Nesâî'nin sahih isnadla naklettiği bir hadiste: Bir bedevi Nebi -sallallahu aleyhi ve sellem-’e geldi ve ona iman etti, ona uydu sonra da şöyle dedi: (Yurdumdan göç edip seninle birlikte oturacağım) dedi. Nebi -sallallahu aleyhi ve sellem-, onunla ilgilenmesi için ashabından birine tavsiyede bulundu.
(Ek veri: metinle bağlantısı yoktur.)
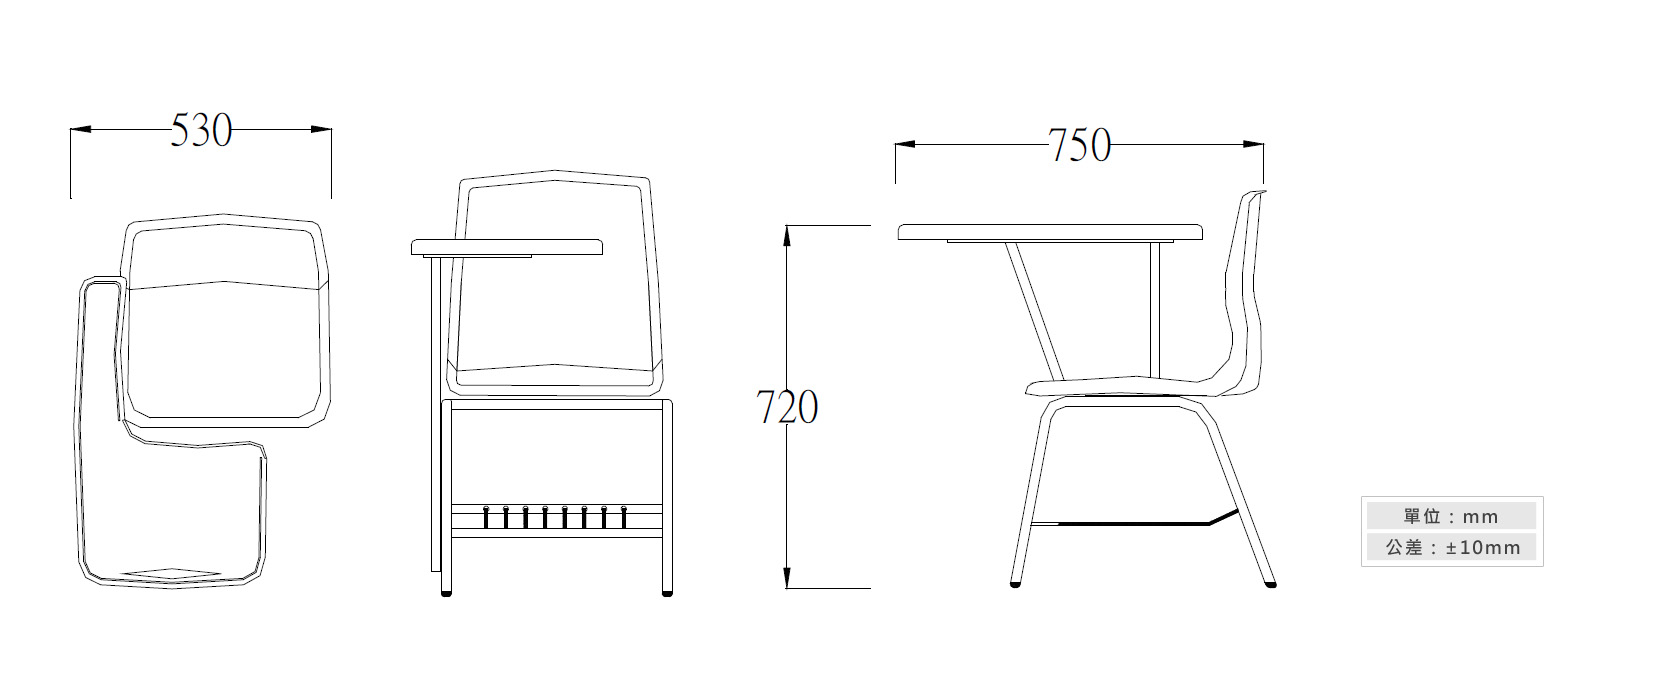 2-33B 學生單人課桌椅材質說明

Hayber Gazvesi zamanında Nebi -sallallahu aleyhi ve sellem-, düşmandan esirler aldı ve esirleri taksim etti, o kimseye de hissesini ayırdı. O kimse, ashabından koyunlarını otlatıyordu. O gelince onun hissesine düşen esiri kendisine verirler. O da: (Nedir bu?) dedi. Ashab: Nebi -sallallahu aleyhi ve sellem-’in sana ayırdığı hissedir) dediler. O hissesine düşen esiri Peygamber -sallallahu aleyhi ve sellem-’e getirdi ve: (Bu nedir?) diye sordu. Rasûlullah -sallallahu aleyhi ve sellem-: «(Bunu da sana ayırdım)» buyurdu. O adam: (Ben ganimet elde etmek için sana uymadım, boğazını göstererek, ben şuramdan ok ile vurulup şehid olup Cennet'e girmek için sana uydum.) dedi.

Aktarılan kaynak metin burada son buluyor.